88 reviews144 followers
April 22, 2020
Note: this is long, digressive, heavy on quotations, and mostly just for fun.

I often pick this book up and flick through it, re-read a few parts, and try to just freshen up my memory a little bit. It's sort of sobering but also strangely reassuring to remember that the circus and travesty that we see today isn't actually that new. Have a look at this:
U.S. Grant did not turn up for work until ten in the morning, and he ended his day at three to take a carriage ride. For weeks at a time, he was not in Washington but at his seaside retreat in Long Beach, New Jersey. Chester Arthur sat at his desk only from ten to four. He took Sundays off and gave himself Monday holidays too.
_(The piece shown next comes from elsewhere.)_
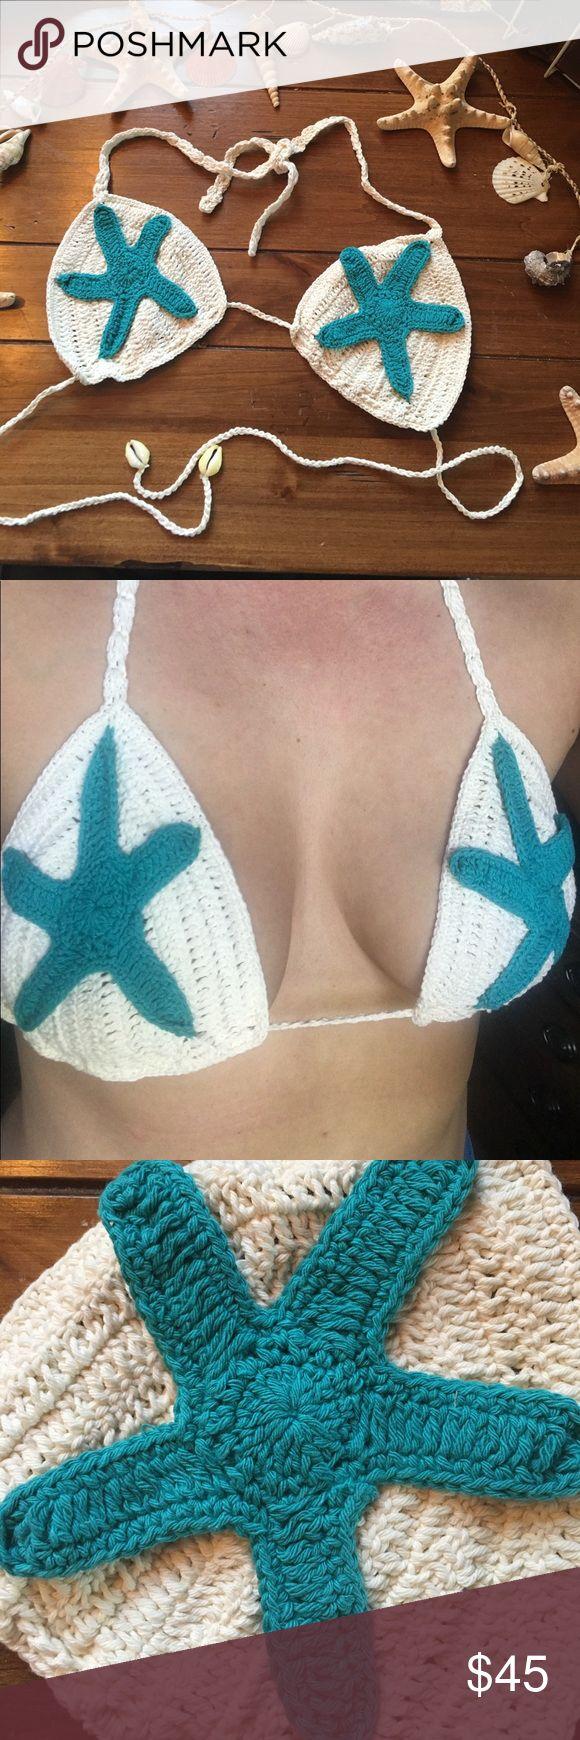 Starfish Bikini Top Mermaid accessories. This top is a handmade crochet bikini top. Cream bikini with teal sea star accents. ❤️🐚✨ Melayni.com Swim Bikinis

A White House clerk later said that Arthur "never did today what he could put off until tomorrow" (15).

But surely things got better as presidential power grew and, no longer "dwarfed by congress and denied respect" (16), the president wielded genuine power? Surely, the right public figures would be elected then. Well, let's fast-forward to Reagan:
"Reagan," his principal biographer, Lou Cannon, has written, "may have been the one president in the history of the republic who saw his election as a chance to get some rest." (He spent nearly a full year of his tenure not in the White House but at his Rancho del Cielo in the hills above Santa Barbara.) Cabinet officals had to accommodate themselves to Reagan's slumbering during discussions of pressing issues, and on a multination European trip, he nodded off so often at meetings with heads of state, among them French president Francois Mitterand, that reporters, borrowing the title of a film noir, designated the journey "The Big Sleep."He even dozed during a televised audience at the Vatican while the pope was speaking to him. A satirist lampooned Reagan by transmuting Dolly Parton's "Workin' 9 to 5" into "Working 9 to 10," and TV's Johnny Carson quipped, "There are only two reasons you wake President Reagan: World War III and if Hellcats of the Navy is on the Late Show" (587-588).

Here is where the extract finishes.